My third and fourth upsets from private carriages will be duly recorded.

It occasionally happened that driving out or into a yard, despite the warning "Take care of your heads," some half-sleepy or inattentive passenger met with a serious accident by his head coming in contact with the roof. Then, again, a skid would come off the wheel going down hill at an awful pace, which, of course, brought the passengers to grief. An inveterate kicker or a giber added to the dangers of the road, and a heavy snowstorm, in which the passengers had to descend and make their way to the nearest wayside inn or cottage, did not improve their condition.

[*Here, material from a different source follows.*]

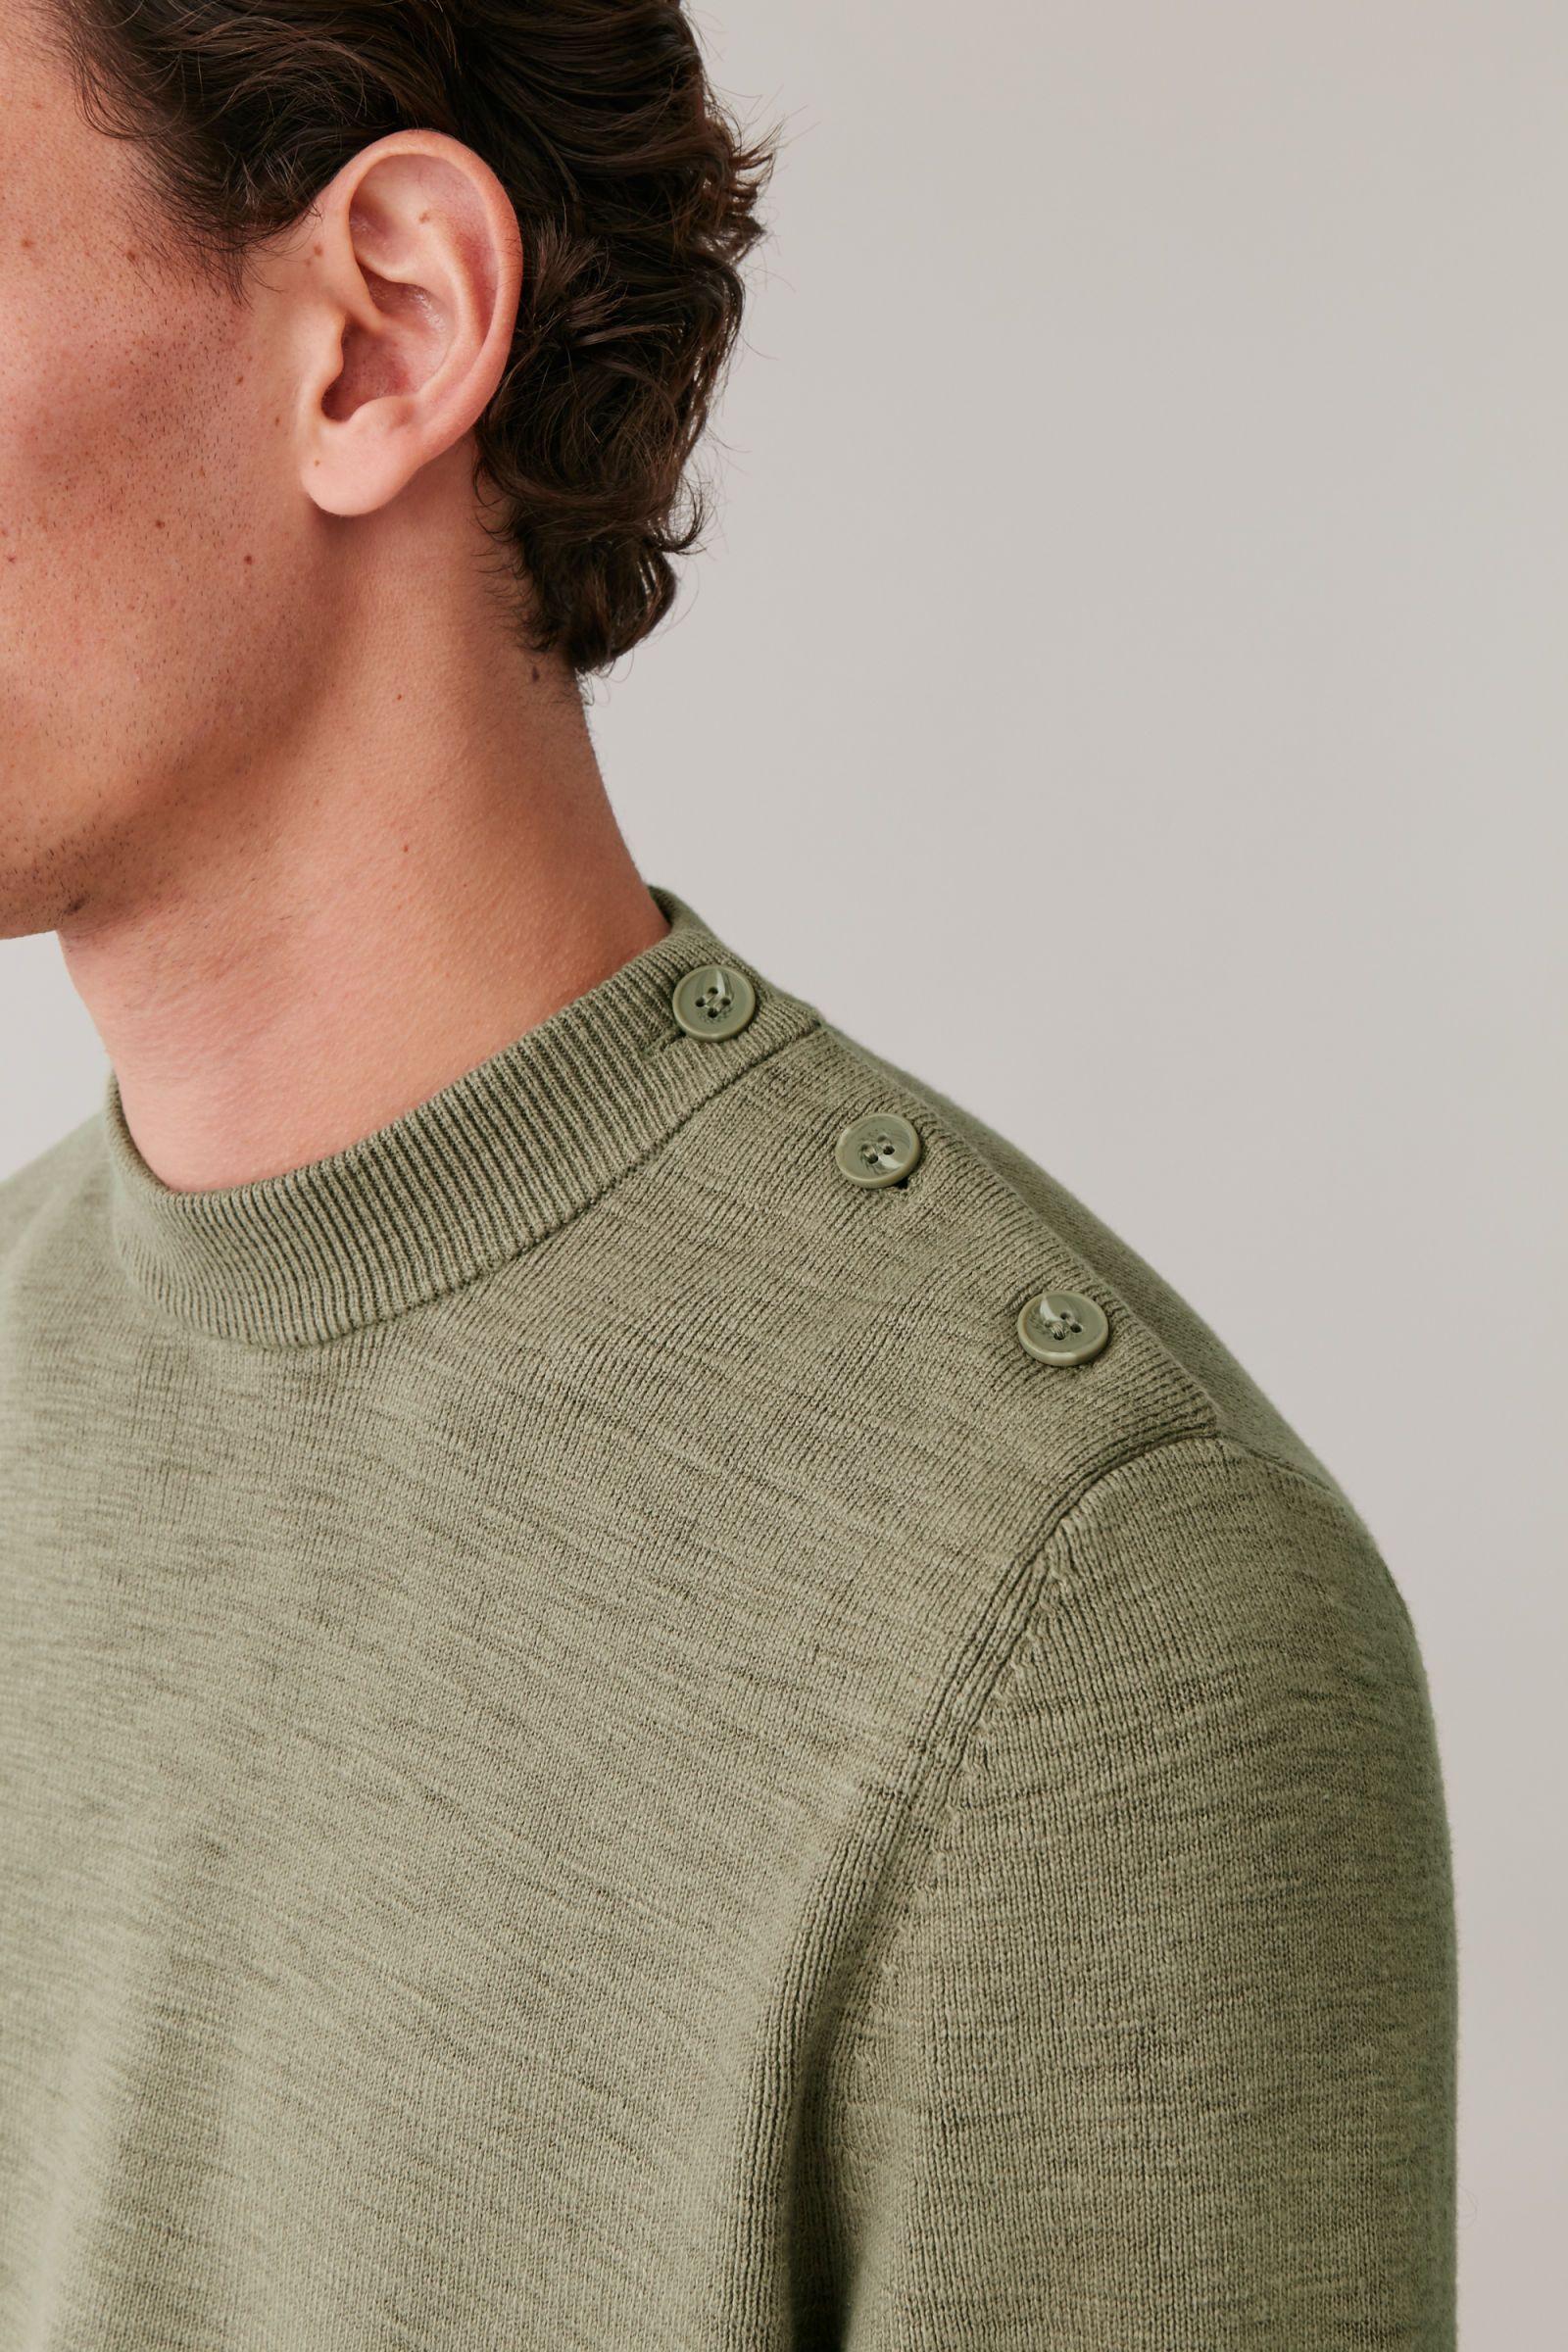 COS | New Year Wishlist in 2020 | Cotton sweater, Knitwear
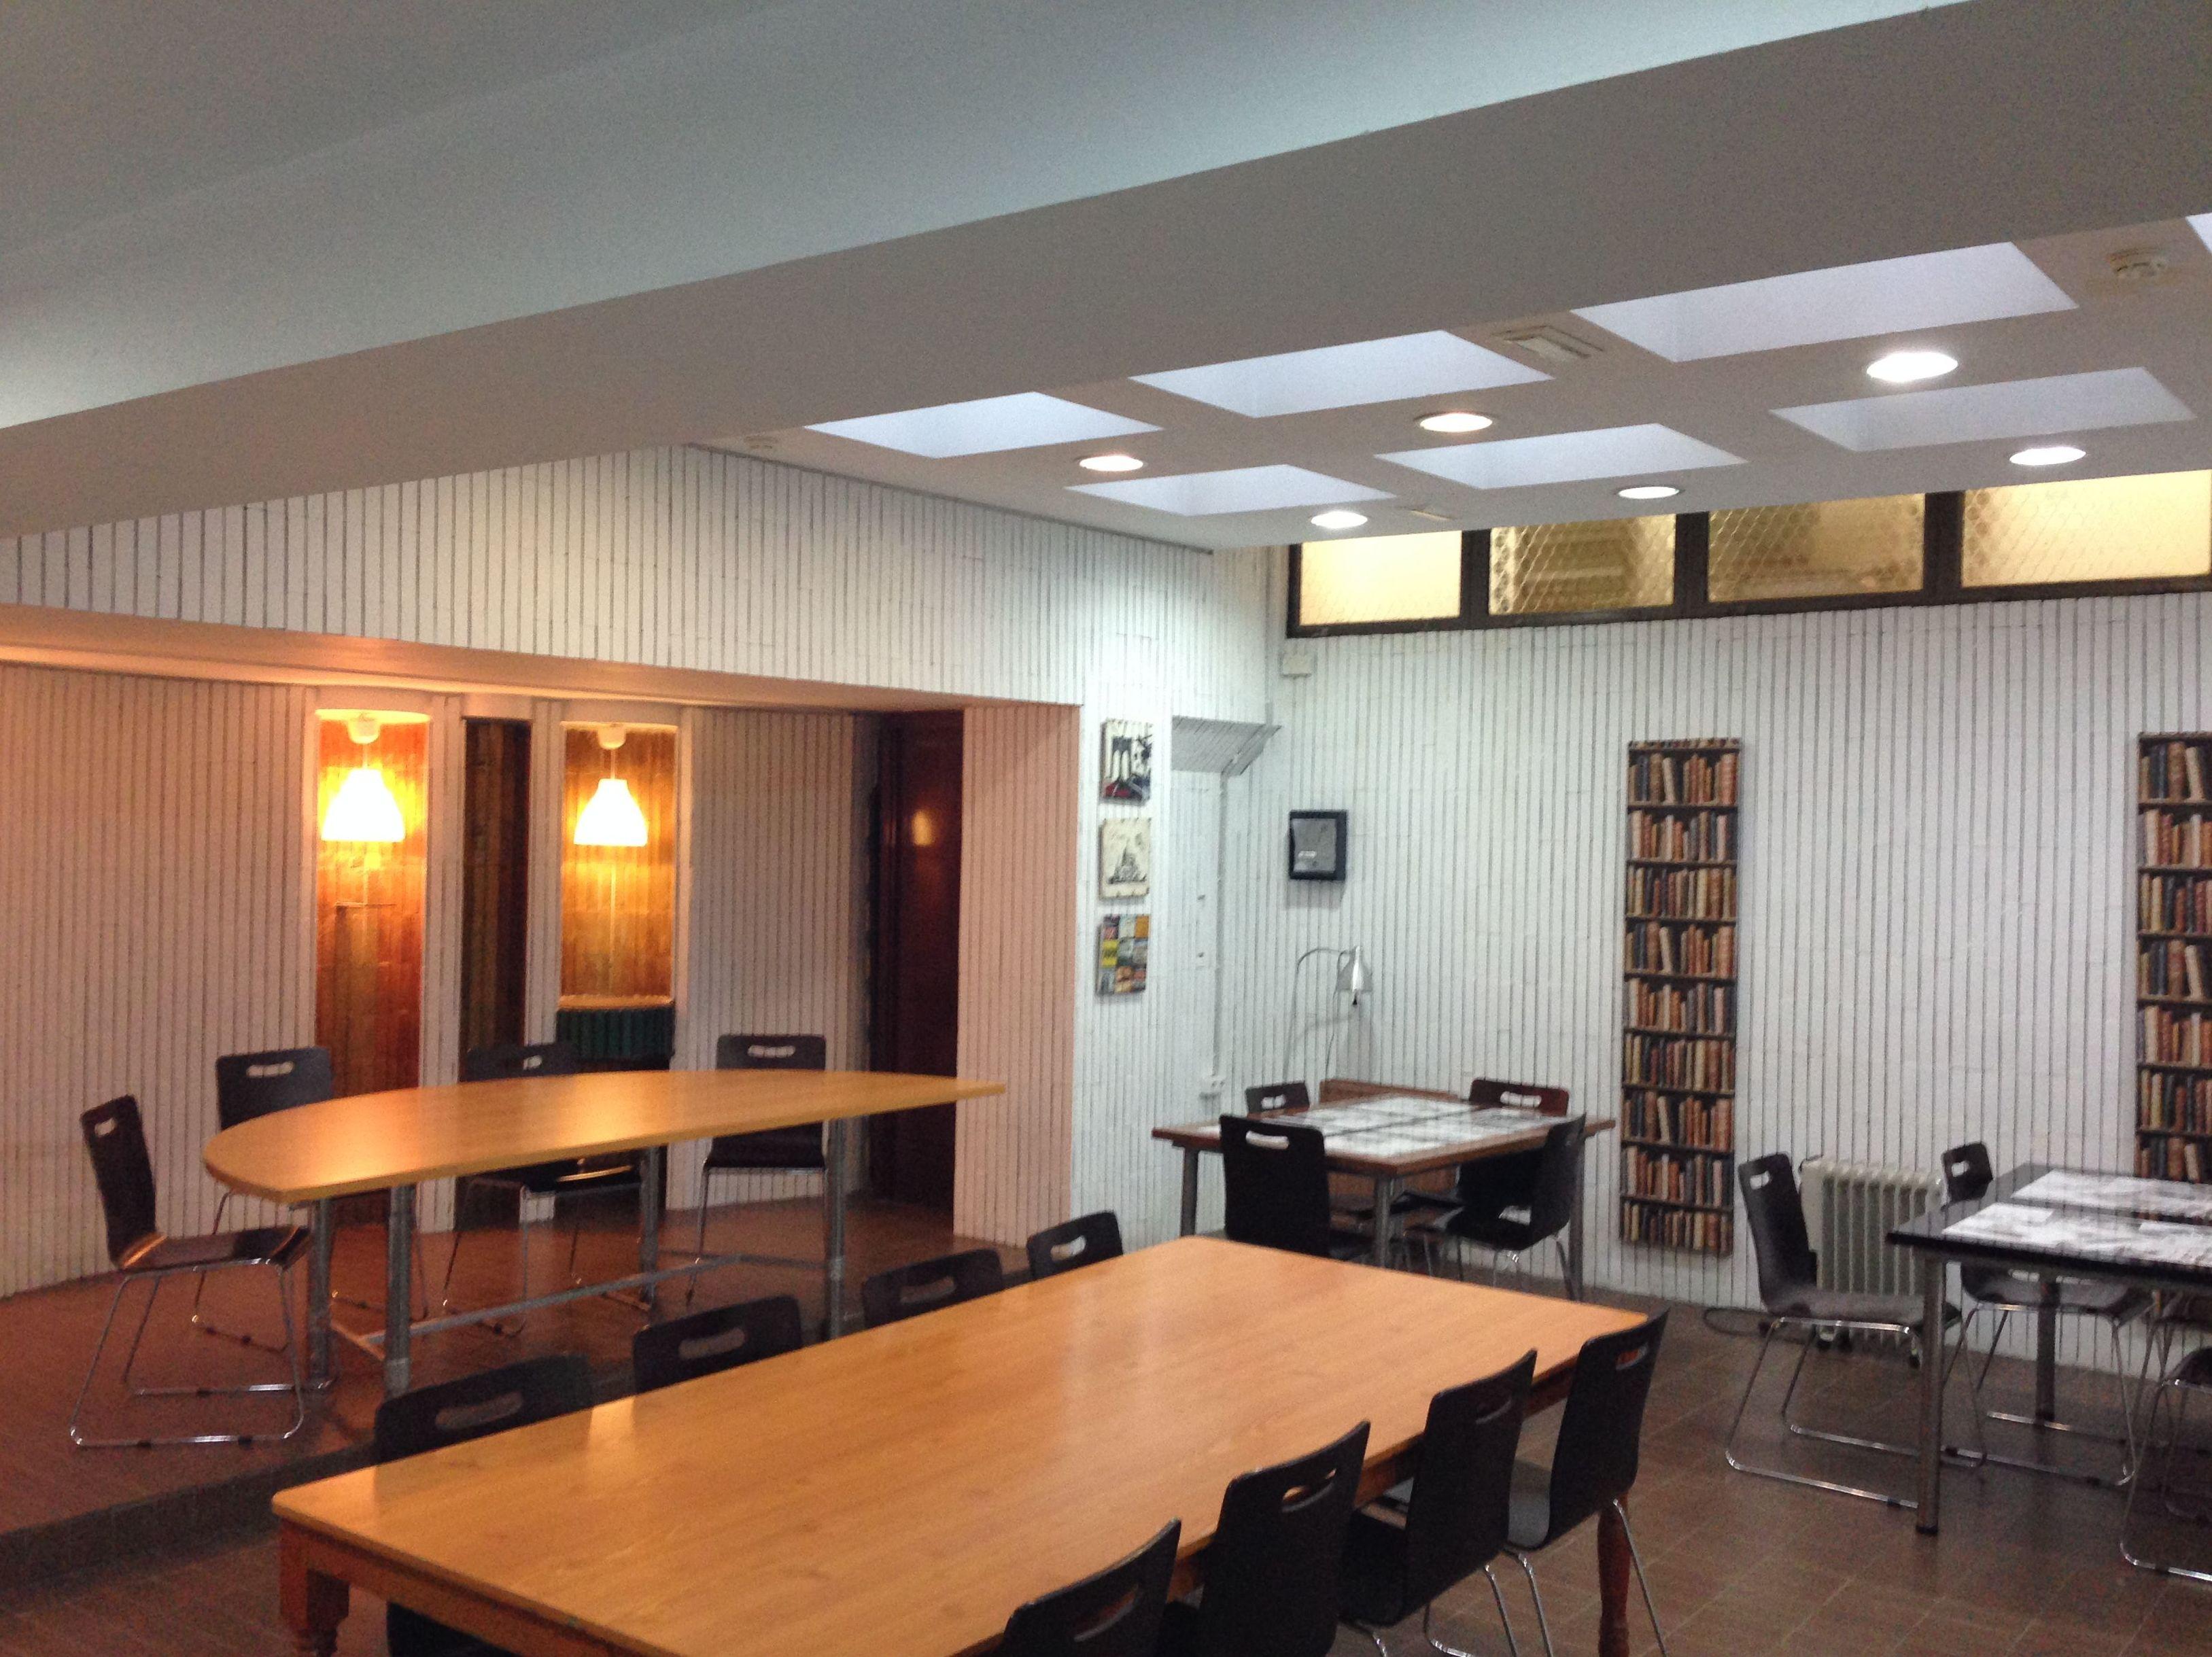 SALON DE ESTUDIO: RESERVA TU PLAZA  de Residencia de Estudiantes Cádiz Centro

Of course when due precautions were taken, the accidents were, comparatively speaking, few. I have travelled at a tremendous pace by the "Hirondelle"—irreverently called the "Iron Devil"—by the "Wonder," between Shrewsbury and London, and by almost all the fast coaches between London and Brighton, London and Oxford, London and Southampton, London and Bath, and have never met with the slightest accident.

In bygone days it was very agreeable, albeit rather expensive, to travel post, especially in your own light chariot or britchka; but to be dependent upon hack chaises on the road was far from pleasant. These chaises were not very well hung on springs, the windows seldom fitted closely, and the rattling noise reminded one of a dice-box in full play upon wheels. There was generally straw enough at your feet to hold a covey of partridges. Although these vehicles were light and followed well, a great deal of time was wasted in shifting your luggage from one to another at every stage, or, at most, every other stage.

I once left London on an affair of importance—namely, that of carrying a hostile message from a friend to a gentleman who resided near Marlborough, and found it so difficult to rouse the ostler, postboy, and the man who looked after the chaises, that I got no farther than Botham's at Salt Hill.

I left the Piazza Coffee-House, where the letter had been concocted demanding an apology or a meeting, about eleven at night, was kept waiting for more than a half hour at the "Red Lion," Hounslow, and only reached Salt Hill about half-past one in the morning. There, again, had I to awake the sleepy ostler and drowsy waiter, the latter of whom strenuously recommended me to sleep at the hotel and continue my journey at daylight. This I accordingly did; but what with the arrangement of the affair of honour, as it was called, and which ended amicably, I was nearly two-and-twenty hours on the journey by road that could now be accomplished with ease by rail in less than seven. I have alluded to two upsets that I have in the course of my life met with from private travelling-carriages. The first occurred in July, 1814, when returning with the late Duke of Wellington from Windsor to London. His Grace had been dining with the officers of the Royal Horse Guards (Blues), in which regiment I had the honour of holding a commission, when, as we reached Brentford, at night, the linch pin came out of the fore wheel of his carriage, by which it was upset.

Nothing would satisfy the people but drawing the carriage to London, which they certainly would have done but for the remonstrance of his Grace, which finally succeeded. After a delay of half an hour the damage was repaired, and we reached London in safety. The accident might have proved a fatal one, for we were travelling as fast as four good horses could take us.

Had such a calamity happened to Wellington, then in the prime of life, no one can hardly picture the consequences. Happily his life was spared to add another conquest to those he had won on the banks of the Douro, of the Tagus, the Ebro, and the Garonne. The second and last upset I had was on the night of my return from Canada, in 1819, when, in driving through Goodwood Park, the postboys drove over a bank and, to use a common expression, "floored the coach."